An open appeal to the Chief Justice
Honourable Chief Justice of Pakistan,
THAT, after the sellout of $ 913 m worth of OGDCL’s global depository receipts in a hush-hush manner by Shaukat Aziz government in 2006, all eyes in the international market are fixed on the lucrative sellout offer of our largest and most profitable national oil and gas company’s 10 pc shares yet again.
That, although the Honourable Apex Court had acknowledged the Federal Government’s right to sell the said shares, I beg to submit before your Honourable Lordship what all is not right in this exercise undertaken by the Privatization Commission.
That, done in the least transparent manner, the very selection of M/s Merrill Lynch and City Group, both American based consultants, violates the World Bank’s rule of ‘quality and cost’ based selection of consultants.
That, the consultants’ track record in Pakistan’s context has been highly questionable.
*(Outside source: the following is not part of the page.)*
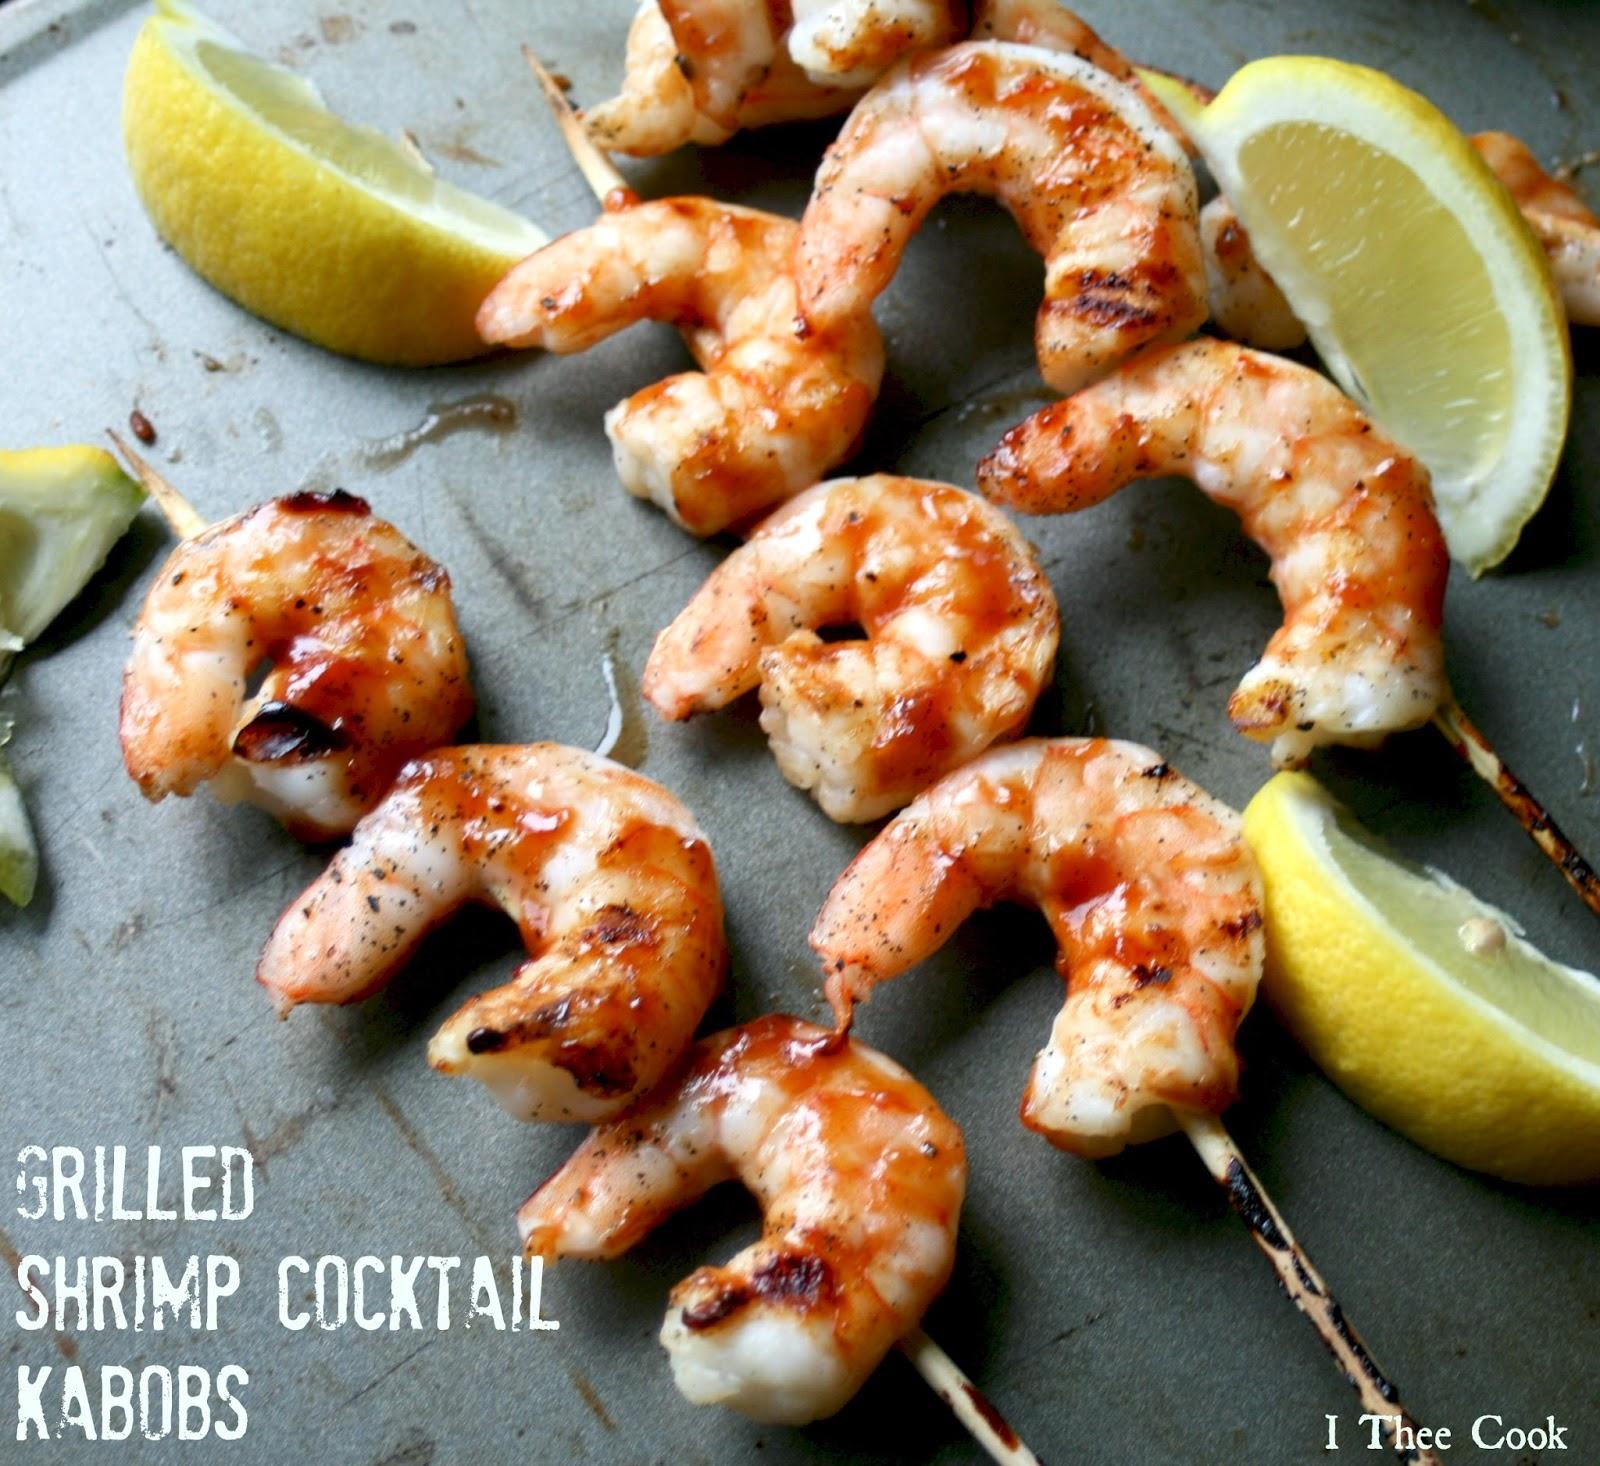 I Thee Cook: Grilled Shrimp Cocktail Kabobs

M/s Merrill Lynch were denied payment of an upfront fee of $ 21 m in the early 2000s by OGDCL, when this scribe was the managing director, precisely for the same reasons. As of now, the Privatization Commission must declare how much upfront fee the consultants have been paid for this sellout. Again, the Privatization Commission must clarify whether or not Merrill Lynch facilitated the sellout of government’s 20 pc shares in the Badin Oil Field to BP at a paltry $ 73 m when the government was getting oil worth more than that amount annually from that share-holding. As for M/s City Group, their $ 913 m sellout of GDRs of OGDCL, the mega corruption at London and Luxemburg stock exchanges, still continues to baffle us.
That, very like the 2006 sellout, the shares have again been floated at those foreign stock exchanges where few questions are ever asked about any violations of the American Foreign Companies Corrupt Practices Act (FCCPA)-1977.
That, regardless of how many foreign directors come aboard OGDCL after this sellout, the whole exercise is already being steered by the foreign hands. The Minister of State for Privatization has strong IBM linkage. He is also the Minister of State for Investment as well as Advisor to the PM on Tax Reforms; conflicts of interests abound. OGDCL’s chairman has M/s Lasmo and Eni background with questionable credentials. For nearly ten years OGDCL has only had acting managing directors to serve the vested interests.
That, last but not the least, there are few examples in the region where strategic Oil & Gas assets are ever sold out in that manner. In fact most countries, like China, India and Malaysia continue to acquire such assets both at home and abroad.
That, my humble prayer, Honourable Chief Justice, is to kindly take a suo-moto notice and stop this thoughtless sellout which is definitely not in the interest of the Islamic Republic of Pakistan which has long been confronting serious internal and external threats to its very existence.
Maj Gen (Retd) Parvez Akmal
Former Managing Director OGDCL (May2000-March 2003)
A 31, Street : 8, DHA-I, Islamabad
An Update: Geo Laments
From Web Edition
The decision to defer the sale was made by the privitisation committee as the target of $800 million was not expected to be met. This was due to the decrease in the price of crude oil in the international market.
The Privitisation Commission had made a plan for the sale of the shares, but this was delayed due the sit-ins and during this period the price of crude oil decreased.
The floor price of Rs216 per share had been approved with an estimated 322 million shares to be sold out of which 311 were to be offered to institutional investors, two thirds of the remaining 11 million shares to general public and one third to OGDCL employees.
On Friday, State Minister for Privatisation, Muhammad Zubair clarified that government was not privatising OGDCL as divesting some of the company’s shares could not be termed as privatisation.